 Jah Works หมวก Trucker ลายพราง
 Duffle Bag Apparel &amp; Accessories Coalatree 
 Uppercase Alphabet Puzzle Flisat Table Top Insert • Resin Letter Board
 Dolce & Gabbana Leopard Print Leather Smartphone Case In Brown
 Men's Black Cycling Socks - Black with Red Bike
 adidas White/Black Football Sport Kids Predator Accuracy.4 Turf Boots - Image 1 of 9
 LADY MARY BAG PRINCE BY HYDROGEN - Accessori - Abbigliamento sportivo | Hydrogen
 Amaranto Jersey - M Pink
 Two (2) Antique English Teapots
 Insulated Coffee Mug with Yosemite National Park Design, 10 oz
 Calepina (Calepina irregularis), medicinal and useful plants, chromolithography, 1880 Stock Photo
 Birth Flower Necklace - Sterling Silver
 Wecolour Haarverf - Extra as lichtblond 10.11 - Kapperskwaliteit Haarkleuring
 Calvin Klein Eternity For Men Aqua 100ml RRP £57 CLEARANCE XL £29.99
· · · · ·
THE TASK: What is wanted is the line containing "Calepina (Calepina irregularis), medicinal" and every line after it through the last line of the entries, printed exactly.

ANSWER SPACE:
 Calepina (Calepina irregularis), medicinal and useful plants, chromolithography, 1880 Stock Photo
 Birth Flower Necklace - Sterling Silver
 Wecolour Haarverf - Extra as lichtblond 10.11 - Kapperskwaliteit Haarkleuring
 Calvin Klein Eternity For Men Aqua 100ml RRP £57 CLEARANCE XL £29.99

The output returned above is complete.